Wednesday, July 01, 2015

Dr. Glen Davies at Medicare for Autism Now! Rally June 27 2015



 Dr. Glenn Davies at the Medicare for Autism Now! rally June 27 2015 discusses evidence in support of behavioural intervention in treating autism, the lack of autism coverage under Canadian Medicare compared to the US Medicaid state to state mandate and the example of Wisconsin which is far ahead of all Canadian jurisdictions in providing treatment for autism.

Monday, June 29, 2015

Conor After Another Seizure


Conor has been on  a good run for the previous 7-10 days and today was pretty much the same until 6:15 this evening when we heard a loud thump uupstairs.  His mom ran upstairs and screamed for help when she saw him convulsing on the floor with thick fluids oozing out of his mouth.  We had to keep him on his side with his head away from any corners or hard objects.   This was Conor's 4th grand mal seizure since Christmas. Conor's convulsions did not appear to last too long compared to some previous seizures ..  approximately 2 minutes.  Stilll 2 minutes of your son in convulsions is enough to scare you all over again. Conor also recovered quite well. The picture above was taken 45 minutes after the seizure and while he was still a bit groggy he was regaining alertness, speech and walking ability.  He is now sleeping soundly exhausted from another seizure.  I just checked and his head was on the side on his pillow  and he was breathing loudly but clearly.  Dad is starting to relax ... a little bit.

Saturday, June 27, 2015

Medicare for Autism NOW! Campaign Kick Off Today!

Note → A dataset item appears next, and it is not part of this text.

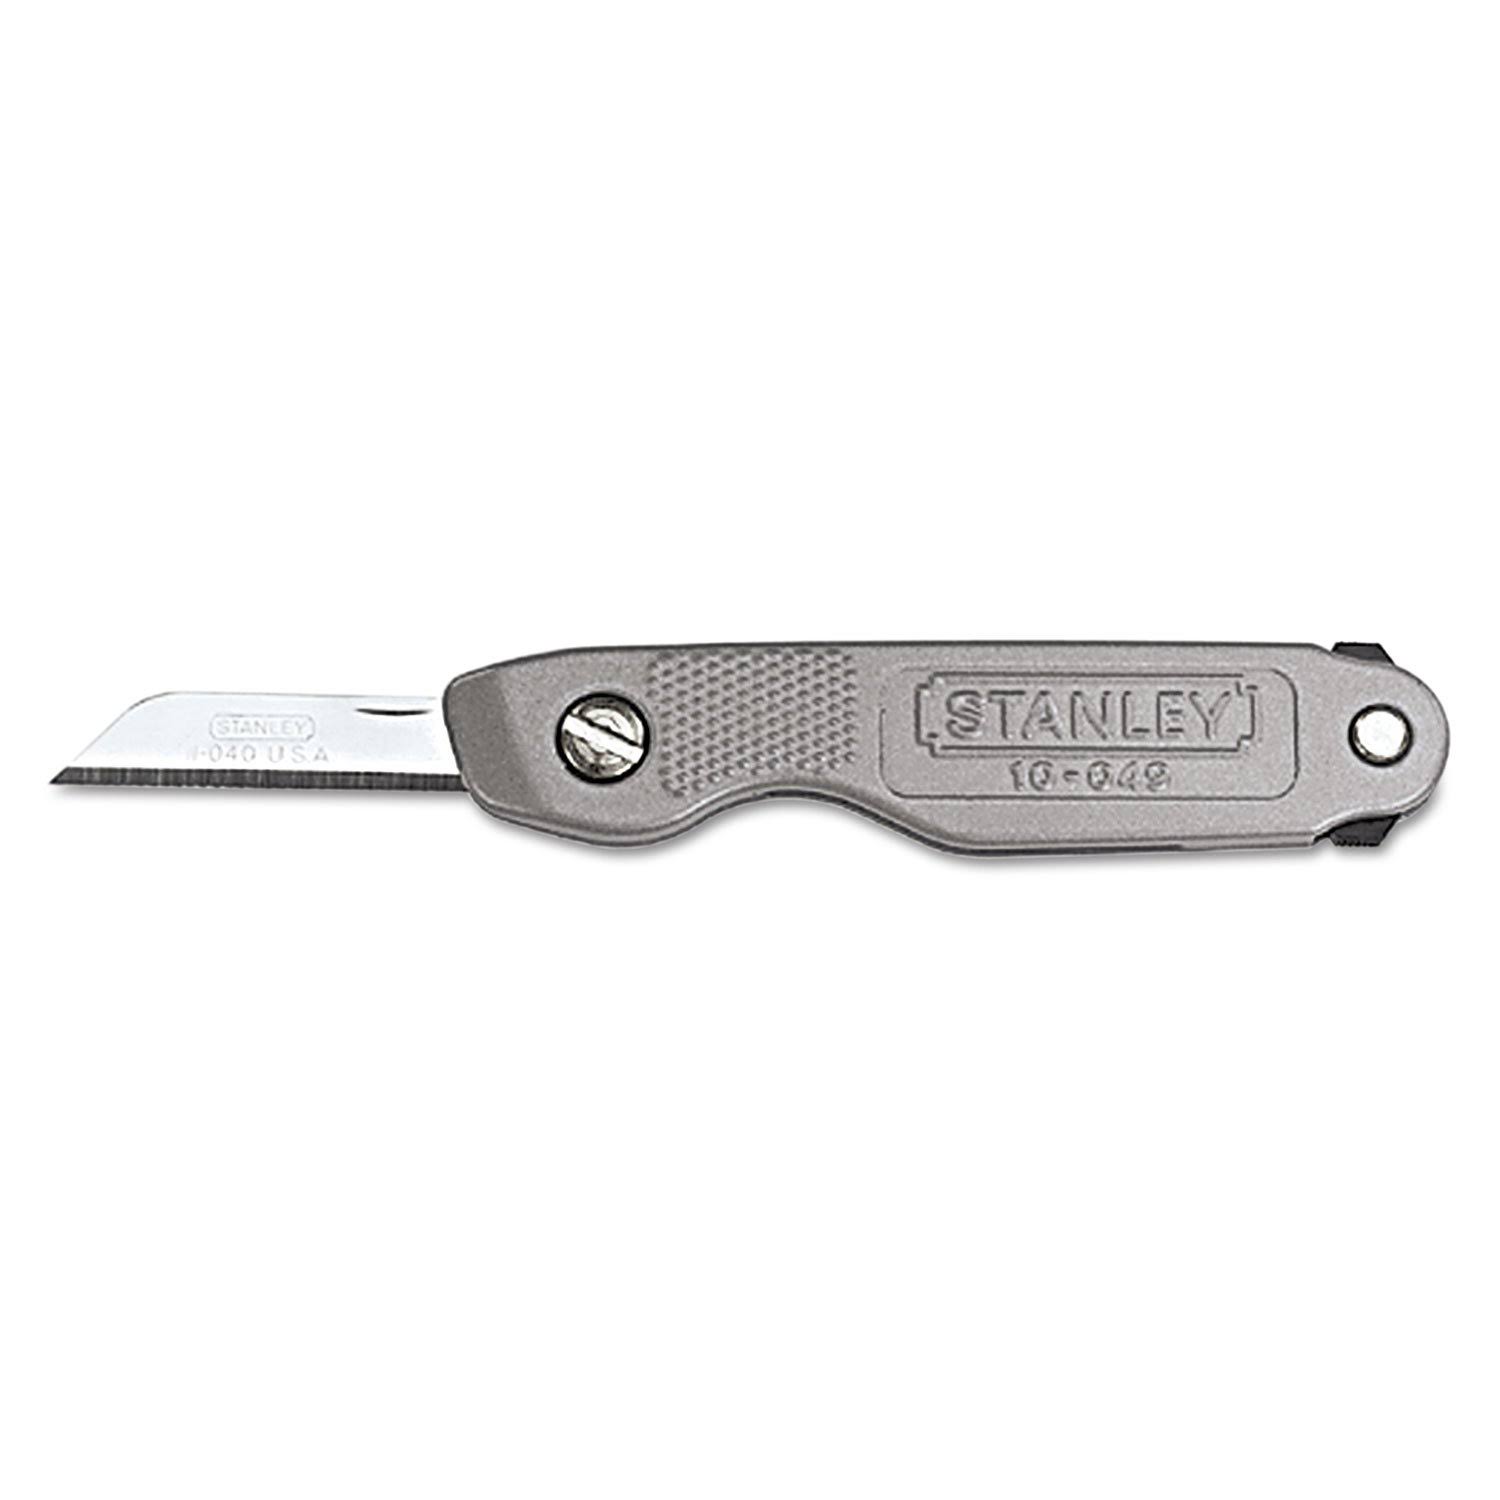 Stanley Rotating Blade Pocket Knife - 4 1/4"

Vancouver, BC – Today, the Medicare for autism Now! Society (“MFAN”), a non-partisan, not-for-profit, all volunteer organization, announced the launch of its nation-wide One in 68 campaign. “We will be holding a Campaign Kick-off this Saturday, June 27th, at Douglas College, New Westminster, between 10:00 am and 2:00 pm,” said MFAN director and campaign manager, Dr. Sherri Brown, “It will outline the rationale for our initiative and lay-out our action and advocacy agenda leading to the federal election on October 19th, less than four months away.”

The MFAN campaign takes its name from the fact that, currently in North America, one in 68 children are being diagnosed with Autism Spectrum Disorder (ASD). “There is a national epidemic of staggering proportion happening in Canada,” said MFAN director, Jean Lewis, “And, unlike the situation in the United States, our federal government has to date failed miserably to demonstrate long overdue leadership in addressing this major and growing national health care challenge.”

The One in 68 campaign will seek firm commitments from those who wish to hold elected office in Ottawa to vote in favour of necessary changes to the Canada Health Act so that persons living with ASD across our country will have science-based treatment for their core health need covered by Medicare. MFAN intends to focus its efforts on  a limited number of highly competitive electoral districts in various parts of Canada. In Metro Vancouver, these include: Burnaby North-Seymour, Coquitlam-Port Coquitlam, Delta, Surrey Centre, Surrey-Newton, Vancouver Centre and Vancouver Quadra.